In Torah, God commands the Israelites to remember Shabbat–that weekly gift in which we rest and refrain from work. In the first articulation of the ten commandments, we read “Zachor et yom ha’shabbat l’kadsho/Remember the day of sabbath to sanctify it” (Exodus 20:11). We learn the process of sanctification through the act of remembering. We learn that it is in our power to increase the kedushah, the holiness, in the world by remembering something.
When we read the second iteration of the ten commandments in Deuteronomy 5, the commandment reads that we should shamor/keep the day of sabbath rather than remember it. Sanctification does not only happen through our minds but in our actions as well. On this difference between the iterations in Exodus and Deuteronomy, the Talmud teaches, “Zachor and shamor were pronounced in a single utterance, – an utterance which the mouth cannot utter, nor the ear hear” (Shavuot 20b). While we, as limited humans, cannot pronounce or hear the words simultaneously, we are capable of living the commandments out. We are capable of remembering and keeping Shabbat simultaneously. They reinforce and strengthen each other. It would be meaningless to keep Shabbat without remembering it and it would be meaningless to remember it and do nothing about it. We bring holiness to Shabbat through the united effort of our memories and our actions, by uniting the words of shamor and zachor. We must do both to make something holy.
Today, when a hashtag movement of #blacklivesmatter is necessary to convince the world of this basic fact, we need to publicly sanctify black lives. All people, and we white people in particular, need to do the sacred work of zachor and shamor. We need to remember the histories of racism and the complex histories of black people in this country. We need to keep ourselves, our communities, and our governments accountable to the idea that black lives matter. One without the other will not do. We must remember and we must keep.
Following each iteration of the Shabbat commandment, there is a different rationale for observing it. Exodus reminds that we remember Shabbat because of its connection to Creation. It reminds us of the holiness of God’s creations, and the fact that we humans are made b’tzelem elohim, in the image of God. No exceptions. In Deuteronomy, we keep Shabbat because we were once slaves and God brought us out of Narrow Places (the Hebrew word for Egypt mean narrow places) into freedom. We keep Shabbat because we are grateful for our freedom and because we celebrate and strive for liberation.

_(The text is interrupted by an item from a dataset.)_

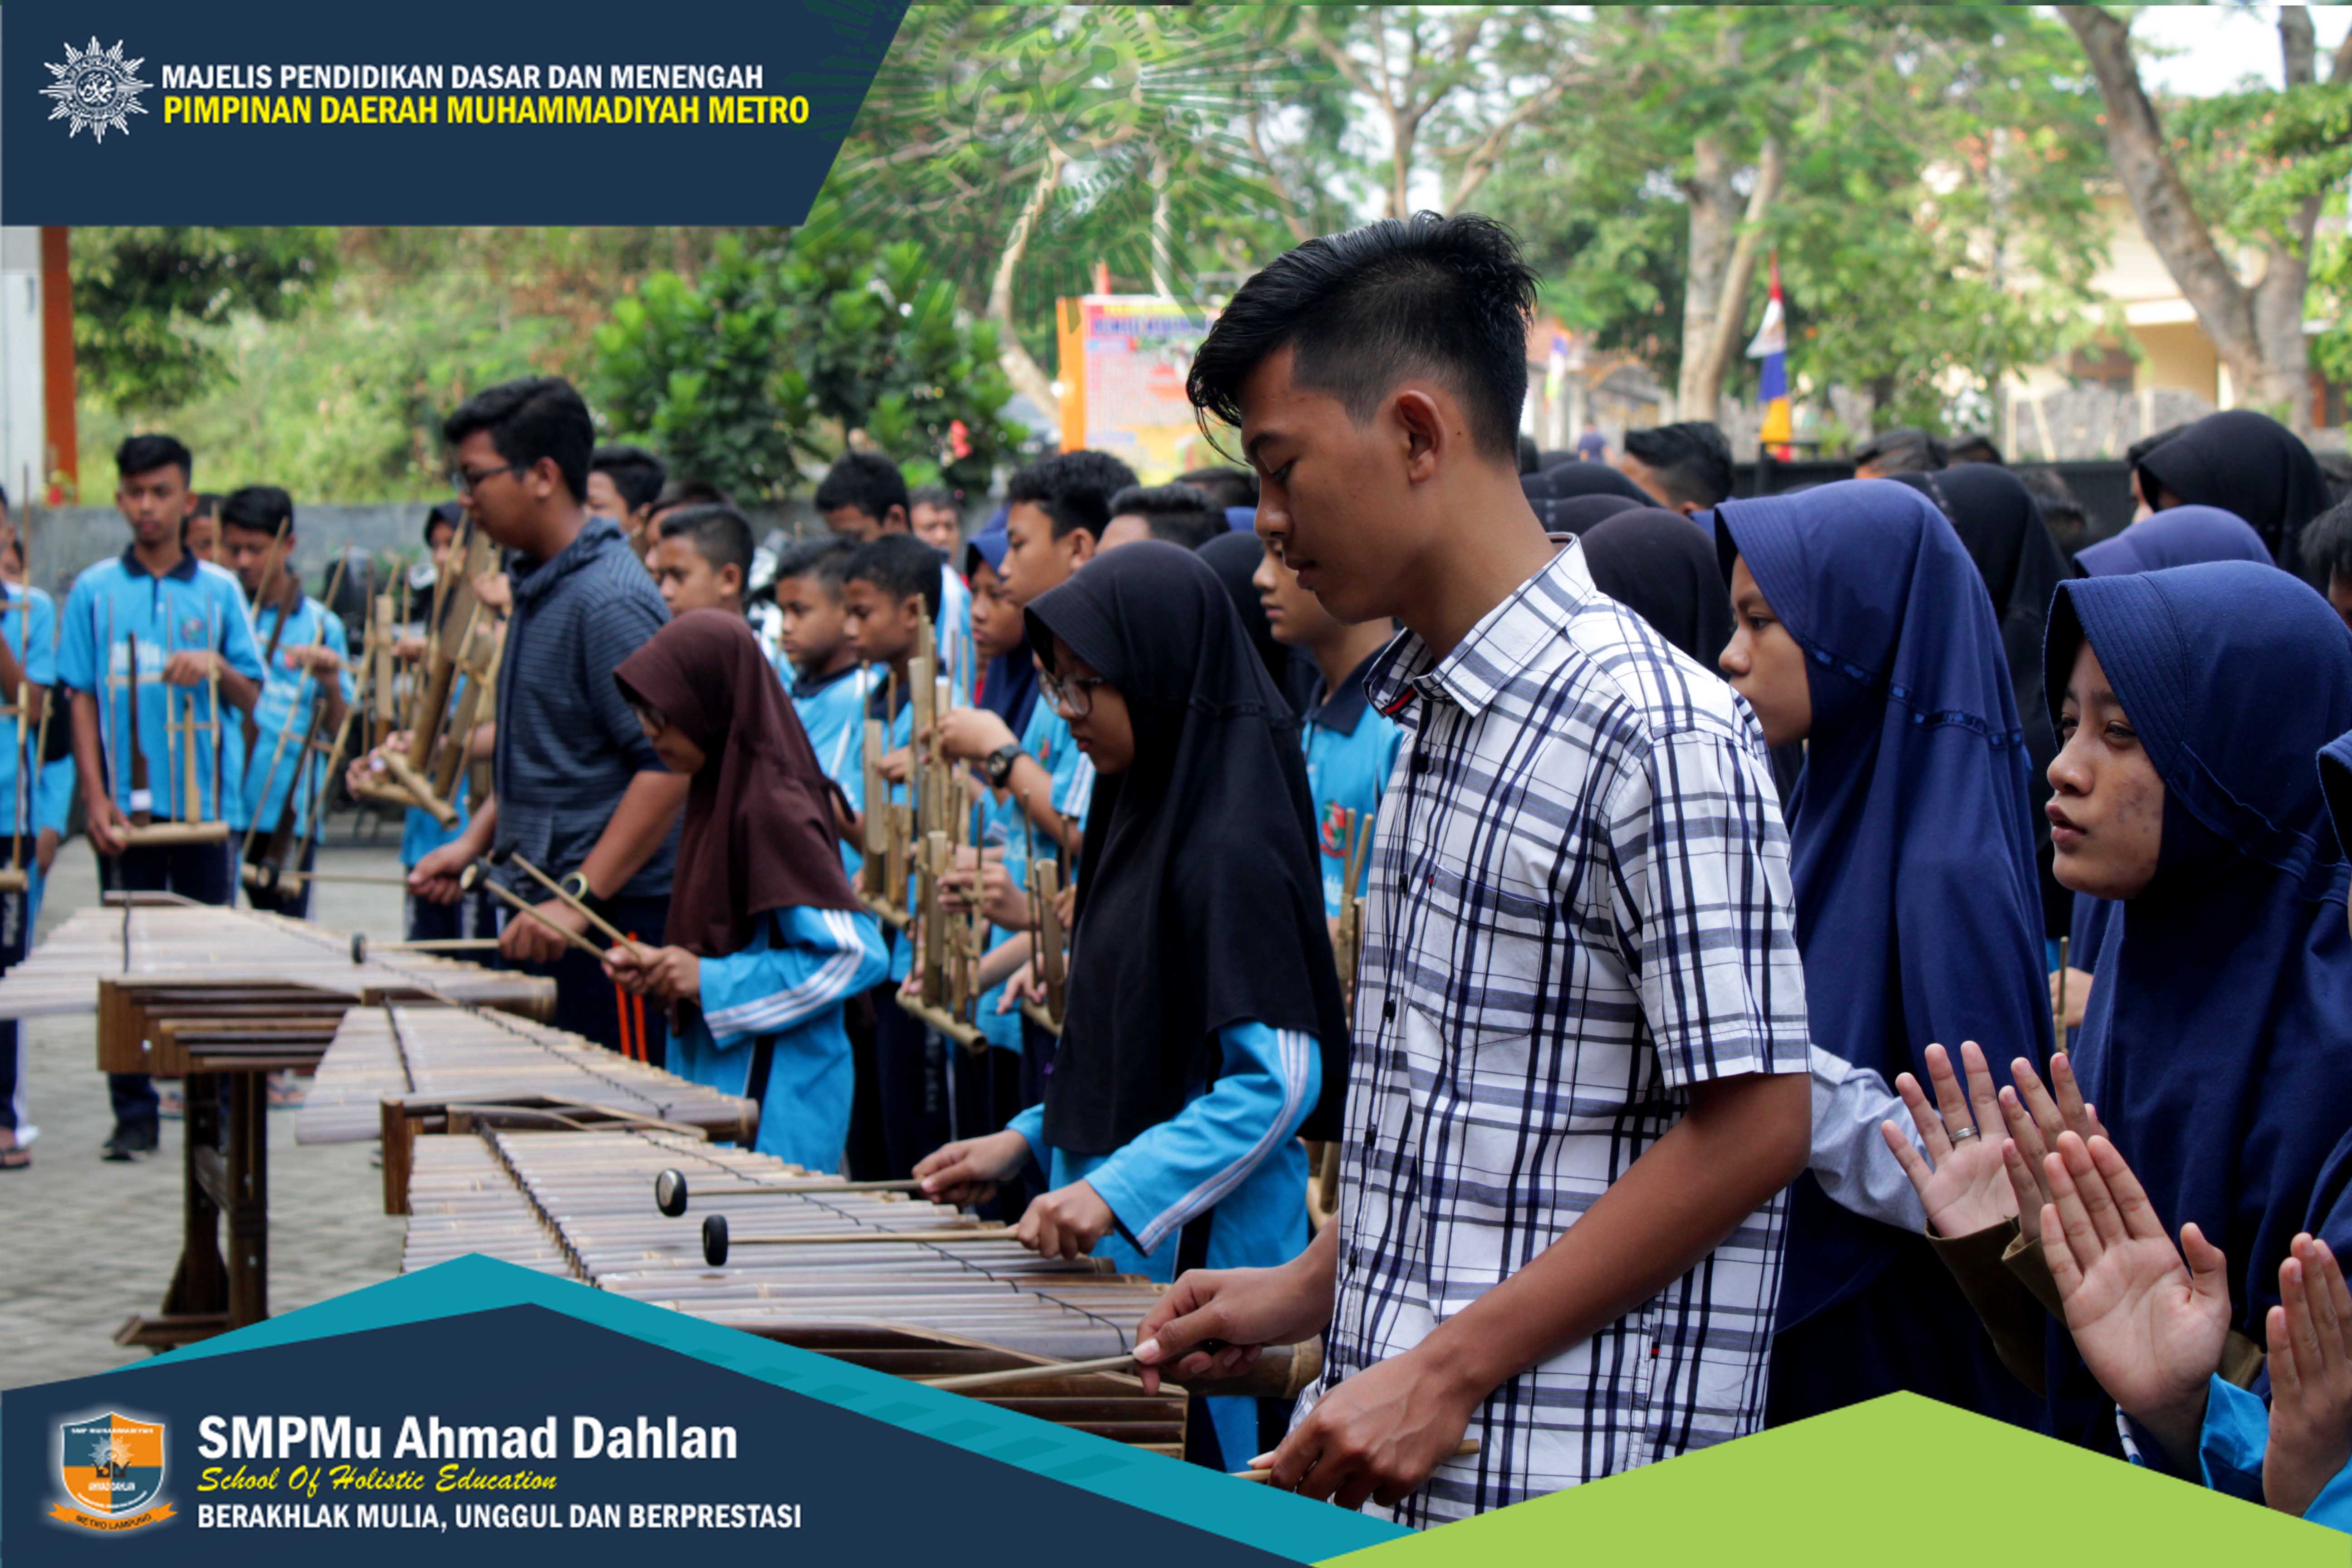 SMP MU Ahmad Dahlan Siapkan Aubade HUT RI ke-73 di Kota Metro

If our minds, our hearts, and our hands engage in this process of sanctifying black lives, we will bring about a more redeemed world. If we remember and if we keep. If we honor the sacredness of creation and the divinity in all humans. If we yearn and organize for liberation. These are the lessons that Shabbat teaches us about sanctification. We must publicly sanctify the lives that our government would have us believe to be profane. Black lives are already holy. Our work is to make that known.
Photo courtesy of Twitter user neunjungle
Thanks for addressing a difficult topic Alex. If I can, let me push you a little to be more specific. You say that we need to “publicly sanctify black lives”, but beyond mentioning the twitter hashtag #blacklivesmatter, I’m not sure what you actually mean. What does “sanctification” actually look like in practice, or in this case, in how we might respond to not only Ferguson, but all the daily manifestations of white supremacy in the US?
You said: “We learn the process of sanctification through the act of remembering. We learn that it is in our power to increase the kedushah, the holiness, in the world by remembering something.”
But I would suggest that many white folks in the US cannot remember that black lives matter because they were never taught this in the first place. You cannot remember something you have not learned. So do you think that the problem is really memory in the context of racial injustice, or something else?
Curious to hear your thoughts, or how you would expand on this idea of sanctification.